This definition does not appear very much in the scientific literature. I can see at least two problems with this definition. First, it does not make sense in the case where the dimension $k=1$ because all the variances are zero in this case. Secondly, if both $u$ and $v$ are constant, i.e. $u_i=c$, $v_i=c'$ for all $i$, then the distance is undefined regardless of $k$. In fact, this second scenario covers the first as a special case.

One principle by which to handle these problems with the definition is to consider the underlying context. Although not well used in the literature, I suspect that $NED^2$ was originally defined in the context of image processing of the kind described in this question.

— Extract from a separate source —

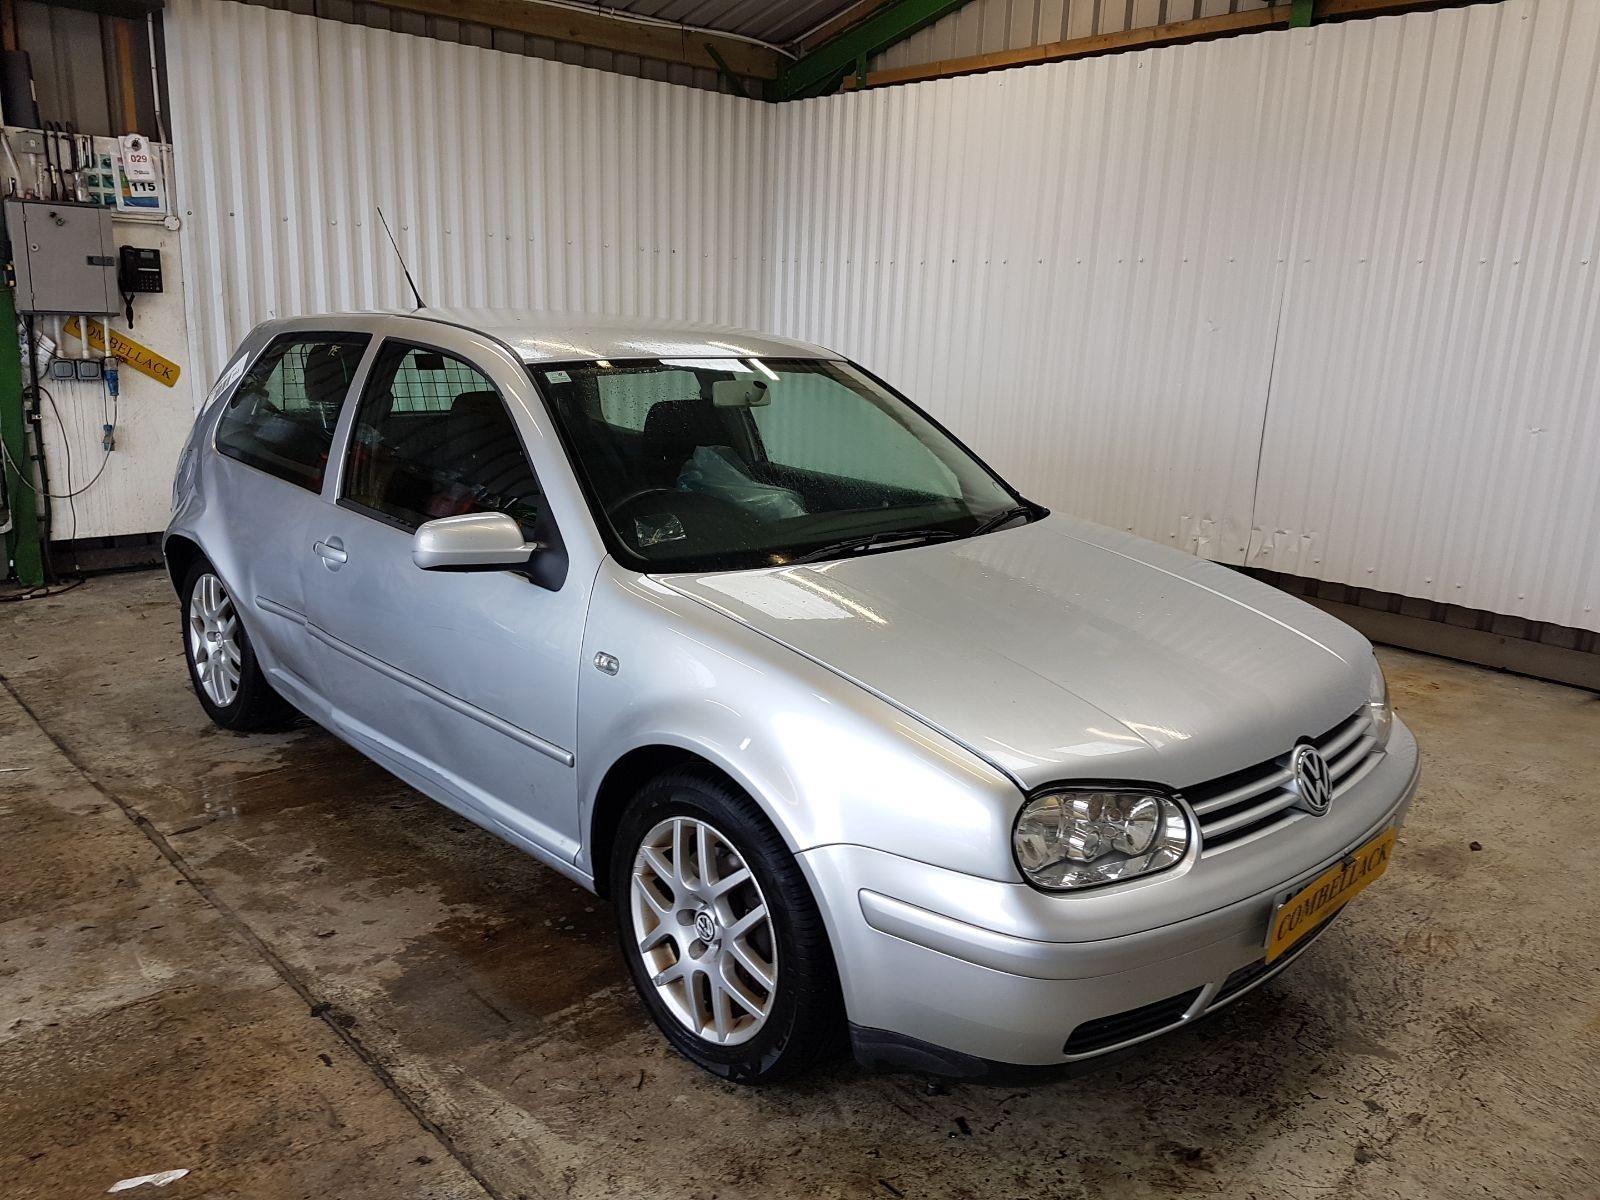 Volkswagen Golf (mk4) 1997 To 2003 PD GT TDi 5 Door Hatchback

Here, an image is regarded as a vector of pixel intensity values, so we may think of $u$ and $v$ as representing images we wish to compare, with $k$ being the number of pixels in each image. Frequently, in image processing, we are only interested in relative spatial variation in pixel intensities rather than the absolute values of the pixel intensities, which motivates the use of a distance measure which 'de-means' the pixel intensity vectors. Two images which are 'shifts' of each other, so that $u_i=v_i+c$ for all $i$, are essentially 'the same' for many purposes. So, roughly speaking, $NED^2$ quantifies the variation in the difference image $u-v$, normalised by the sum of the variation apparent in the two original images $u$,$v$.

With this in mind, let's go back to the problem with the definition of $NED^2$. If $u_i=c$, $v_i=c'$ for all $i$, then $NED^2$ is undefined. However, the images are just shifts of one another, so should be regarded as essentially the same. Therefore, in the context of image processing I suggest that $NED^2$ should be set to zero in all cases where it is apparently undefined.

How should you proceed if you are working in in a different context or application area? I can see three possible outcomes:

  1. The same principles apply as for image processing, so you define $NED^2$ to be zero in all undefined cases.
  2. The context motivates an alternative definition of $NED^2$ in the undefined cases e.g. the one you have proposed in the above question.
  3. The problems with the definition motivate you to reject $NED^2$ as a useful distance measure, so you look for other measures instead.

Which of these three options applies will depend on your problem and your reasons for using $NED^2$.

Additional details: more formally, $NED^2$ is really a distance measure on the quotient vector space $\mathbb{R}^k/\mathbb{R}\mathbf{1}$ where $\mathbf{1}$ denotes the vector $(1,1,\cdots,1)$. This is just a consequence of $NED^2$ being invariant to adding multiples of $\mathbf{1}$ to either $u$ or $v$. On the quotient space $NED^2$ is defined everywhere except at $([\mathbf{0}],[\mathbf{0}])$, where $\mathbf{0}$ is the zero vector and $[\mathbf{0}]=\mathbb{R}\mathbf{1}$ is the equivalence class of the zero vector. In this setting it seems very logical to define $NED^2$ to be zero at this single undefined point.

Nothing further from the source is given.